Editor’s note – This anti-deficiency rule applies only if the buyer purchases and occupies a one-to-four unit residential property. If the buyer does not occupy, or the property is other than one-to-four residential units, the broker can recover a money judgment. [Kistler v. Vasi (1969) 71 C2d 261]
To prevent being wiped out by the foreclosure of a senior trust deed, the broker may wish to avoid holding nonrecourse paper. Several options are available.
the seller can guarantee the buyer’s junior trust deed note on the real estate, making the seller personally liable to the broker if foreclosure wipes out the broker’s security;
the buyer or seller can provide property other than the real estate being sold as additional security;
the broker can become a co-owner/beneficiary of a pro rata share of the carryback note or an assignee of the note for payment of his fees;
the broker can carry an unsecured recourse note payable by either the seller or the buyer – as part of the price; or
the brokerage fee can be a recourse note signed by the seller and secured by a collateral assignment of the seller’s carryback trust deed note. A security agreement would provide for all or part of the carryback payments to be received by the broker until the brokerage fee is paid in full. When the fee is fully paid, the broker will reassign the trust deed to the seller.
However, the seller takes on an additional risk of loss under any arrangement the seller makes to pay the deferred fee. The risk arises when the buyer defaults on the payments which require the foreclosure of the carryback.

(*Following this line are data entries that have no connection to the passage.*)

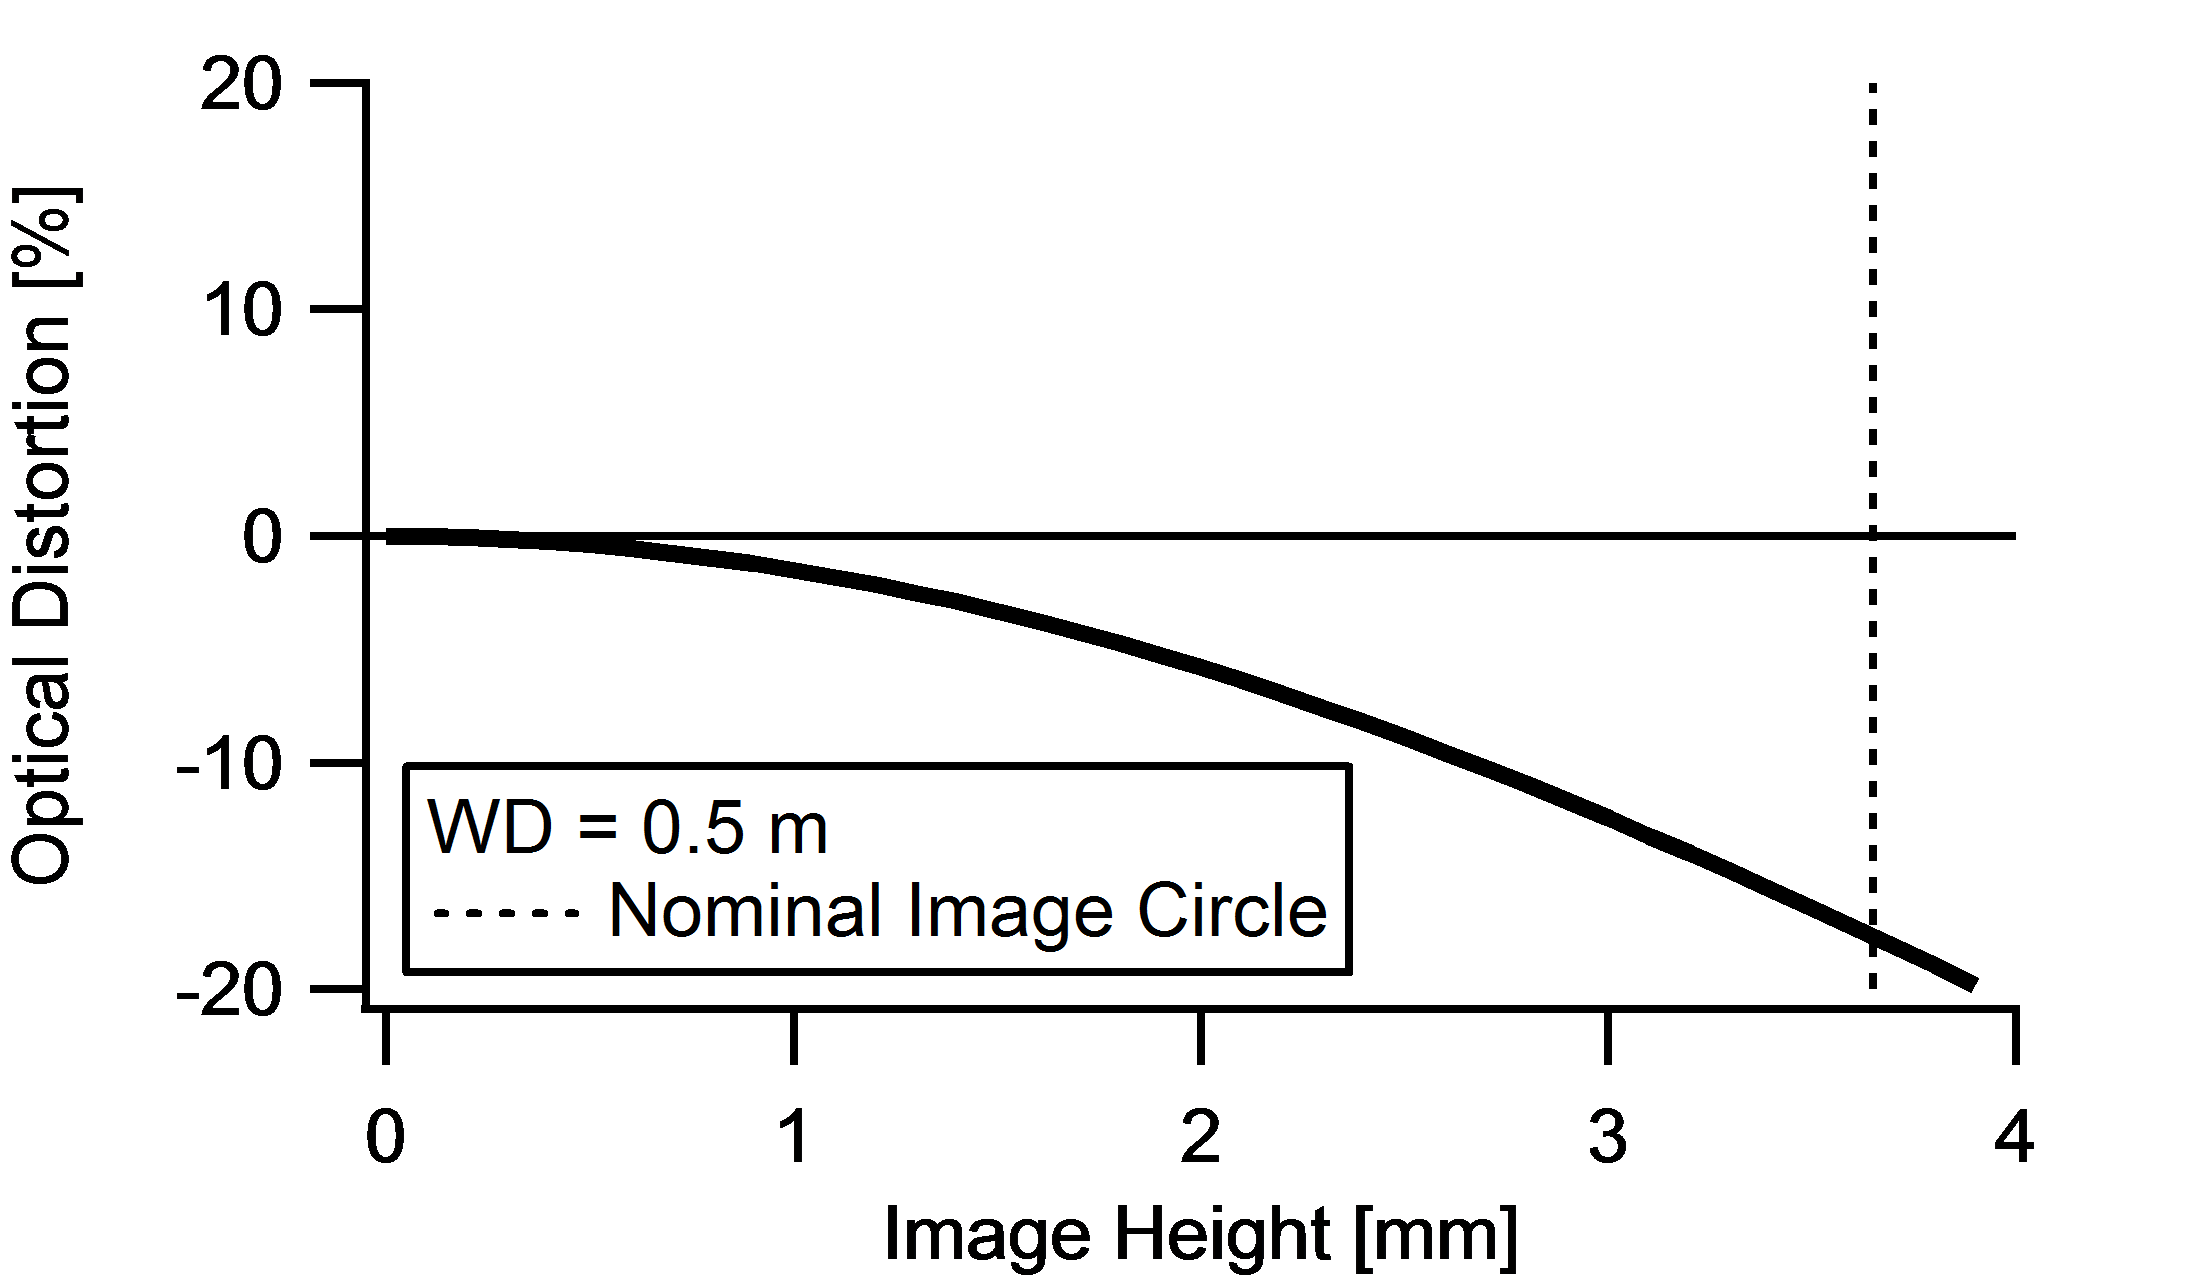 Distortion versus Image Height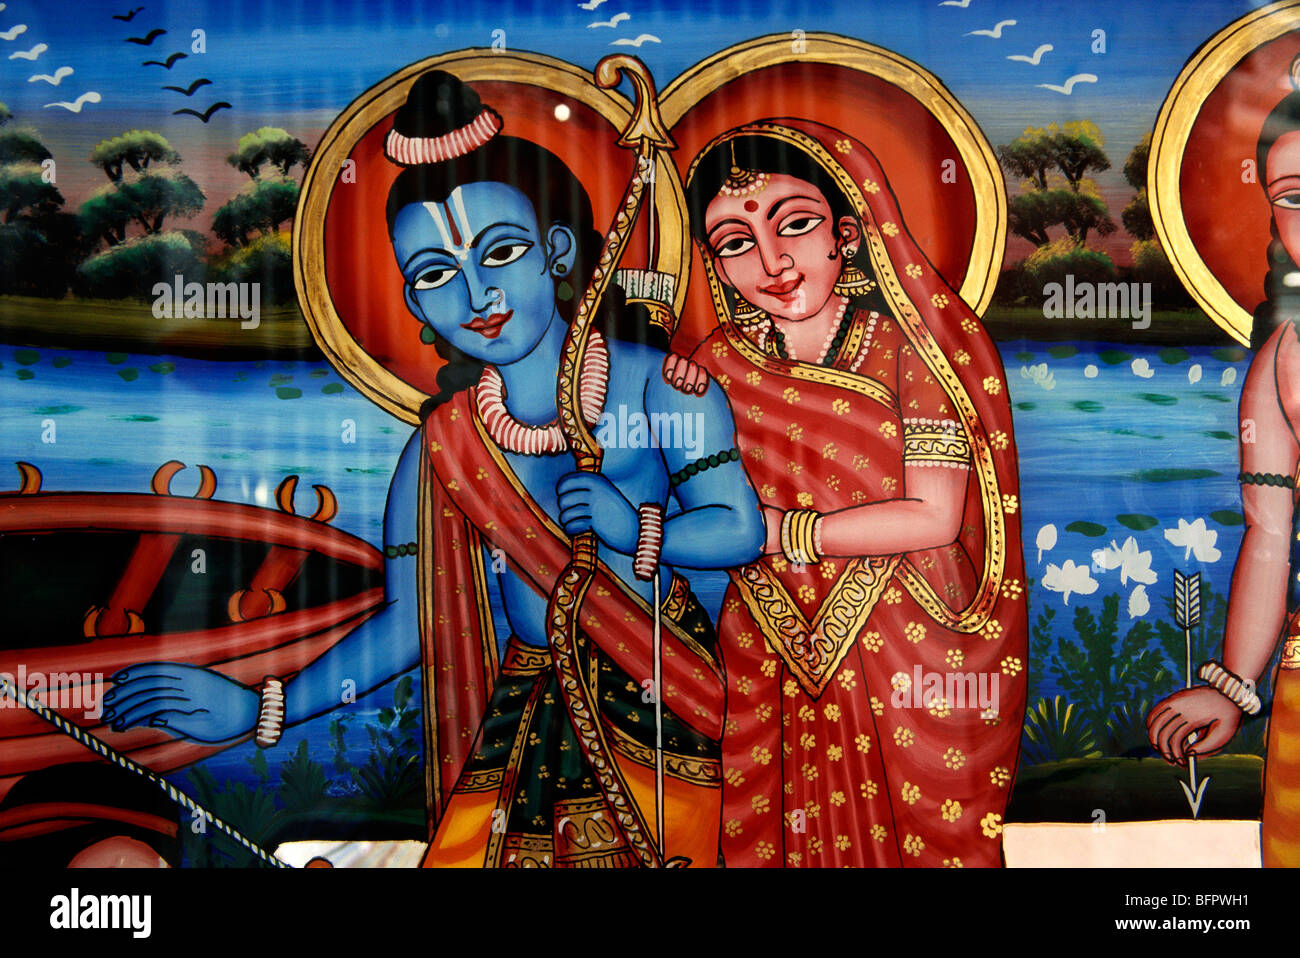 Ram et Sita Ramayana mur de scène peinture Khed le Rajasthan en Inde Banque D'Images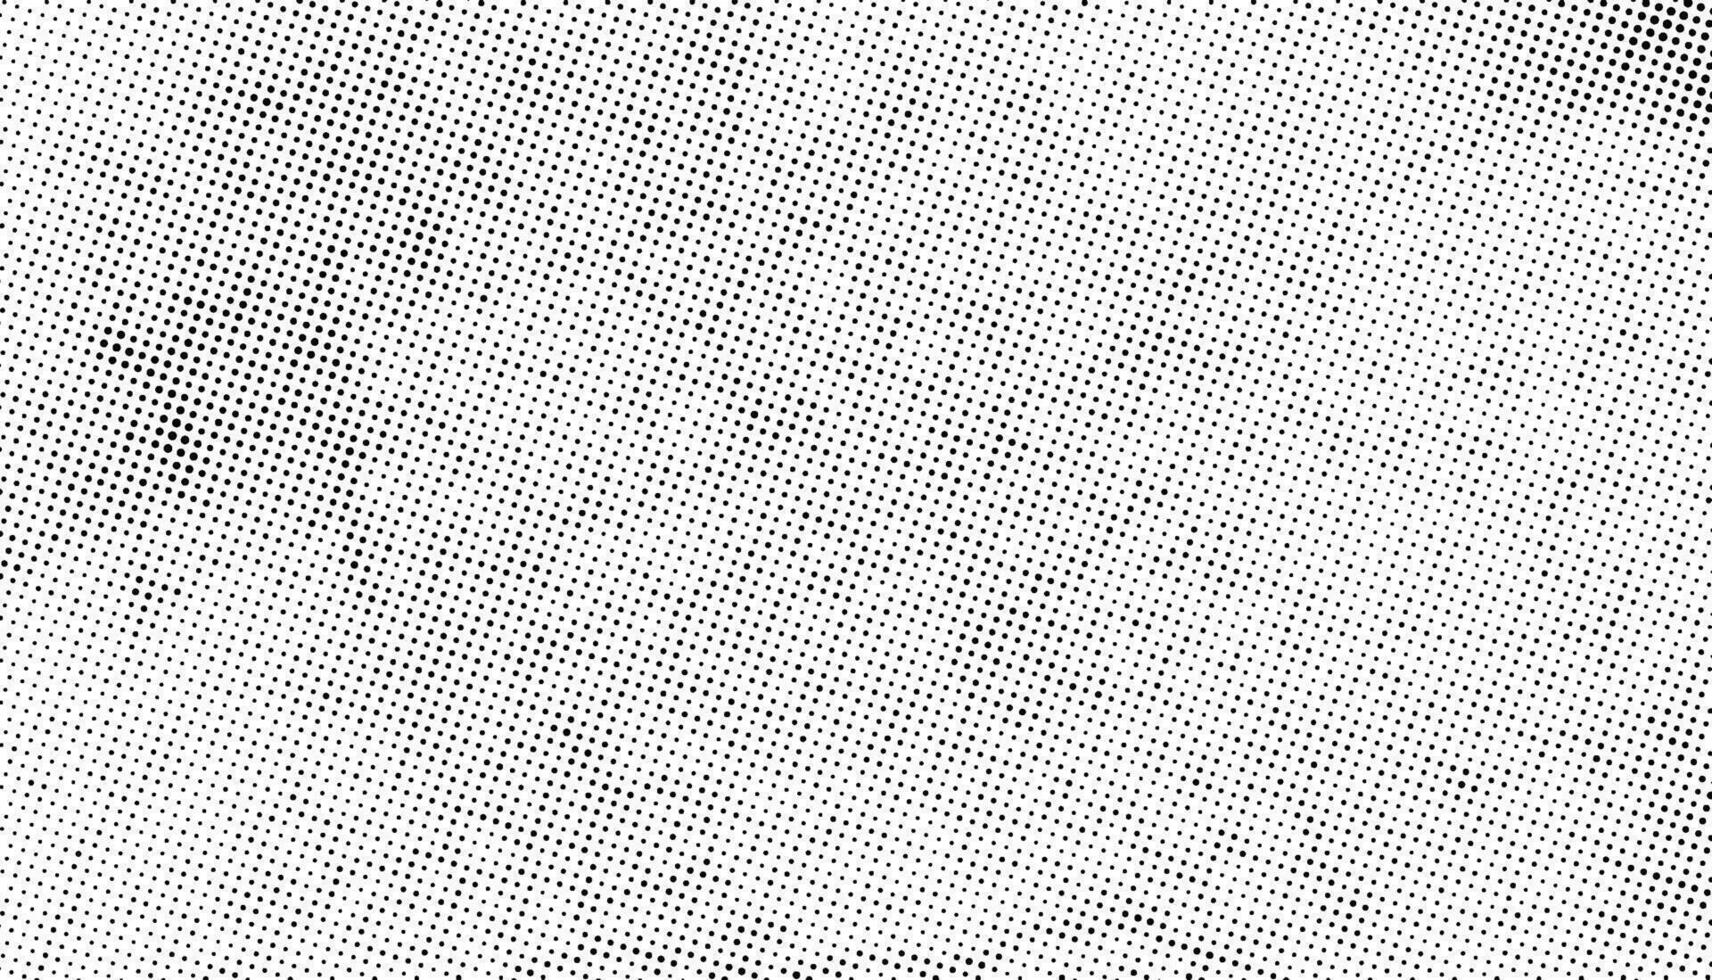 halftone punt patroon achtergrond vector, een reeks van vier verschillend abstract dots patronen, een zwart en wit tekening helling dots effect, grunge effect met ronde cirkel dol op structuur vector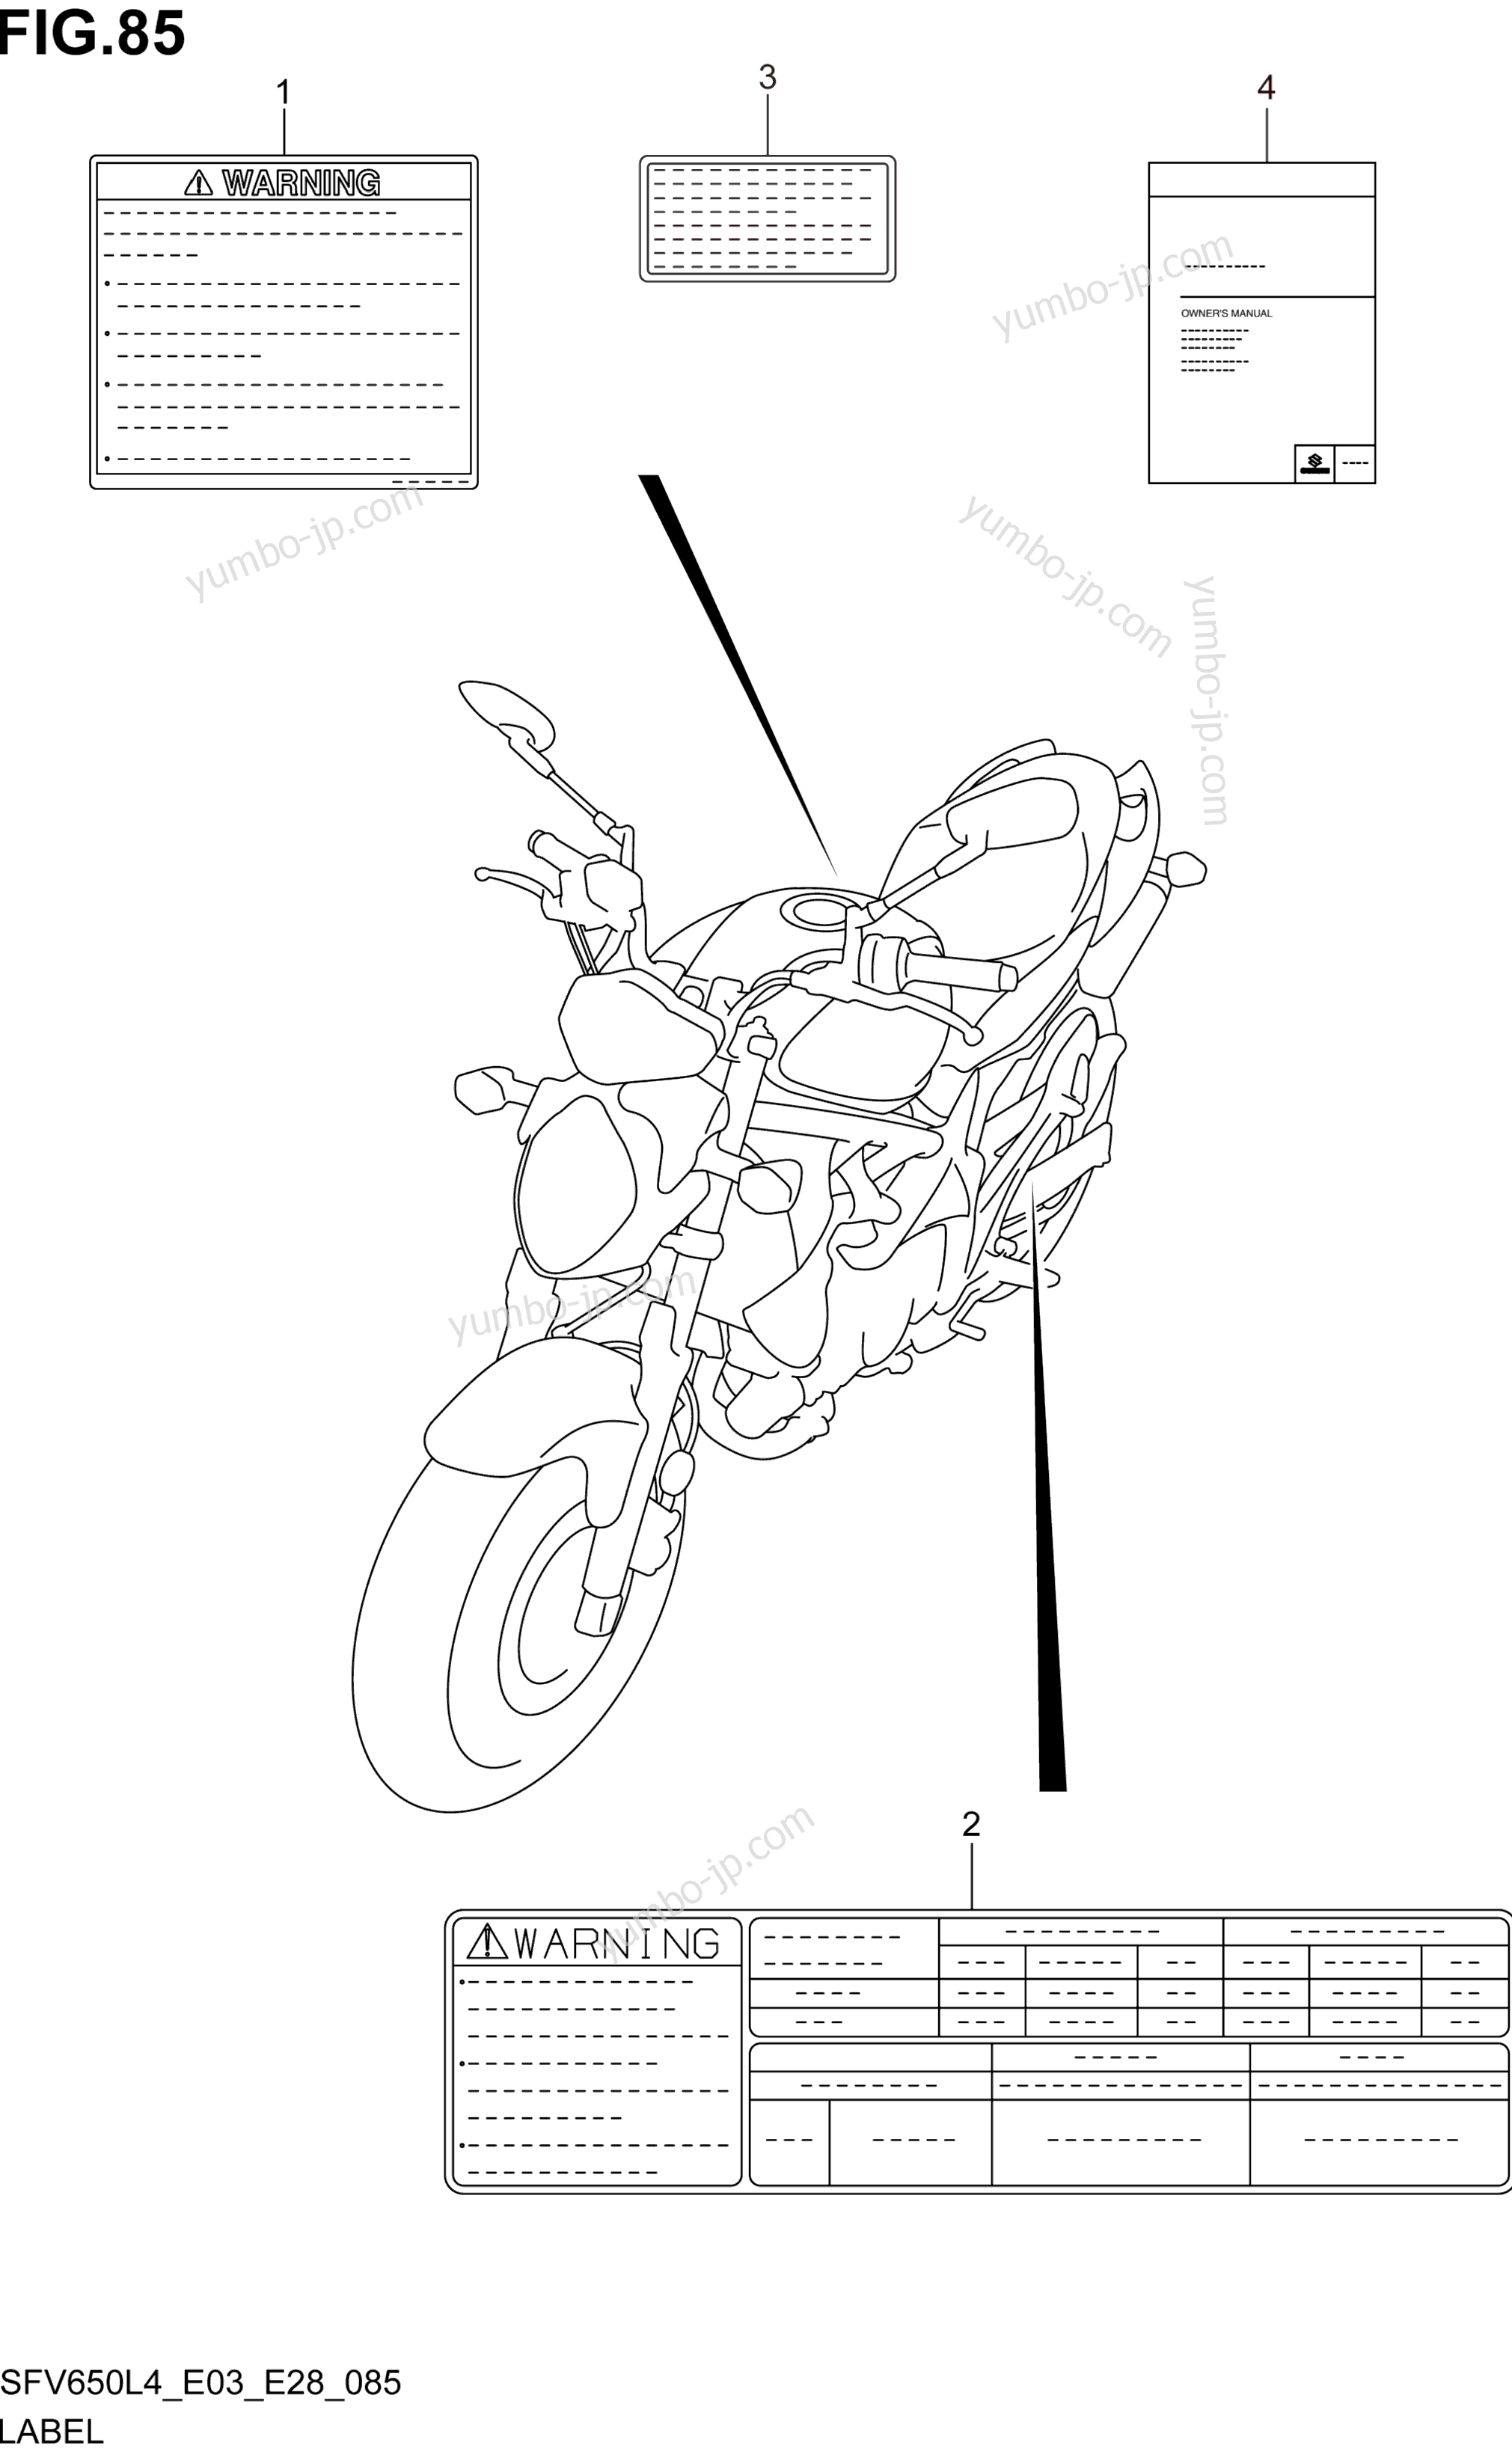 LABEL (SFV650L4 E03) for motorcycles SUZUKI SFV650 2014 year

If the broker owns a percentage of the carryback, the seller and the broker become partners in any foreclosure process. To avoid anarchy, they should enter into a partnership agreement naming the partnership as the beneficiary of the trust deed before the closing of the original sales escrow. Otherwise, on foreclosure they will have to find a way to cooperate without the benefit of a written agreement.
If the broker holds a note for the fee signed by the seller, collateralized or not by the carryback note, the note for the fee is recourse/deficiency paper. The seller can be forced to pay – even when the carryback sale sours and the seller is faced with a loss – unless the fee note provides for relief in the event the buyer defaults on the carryback note.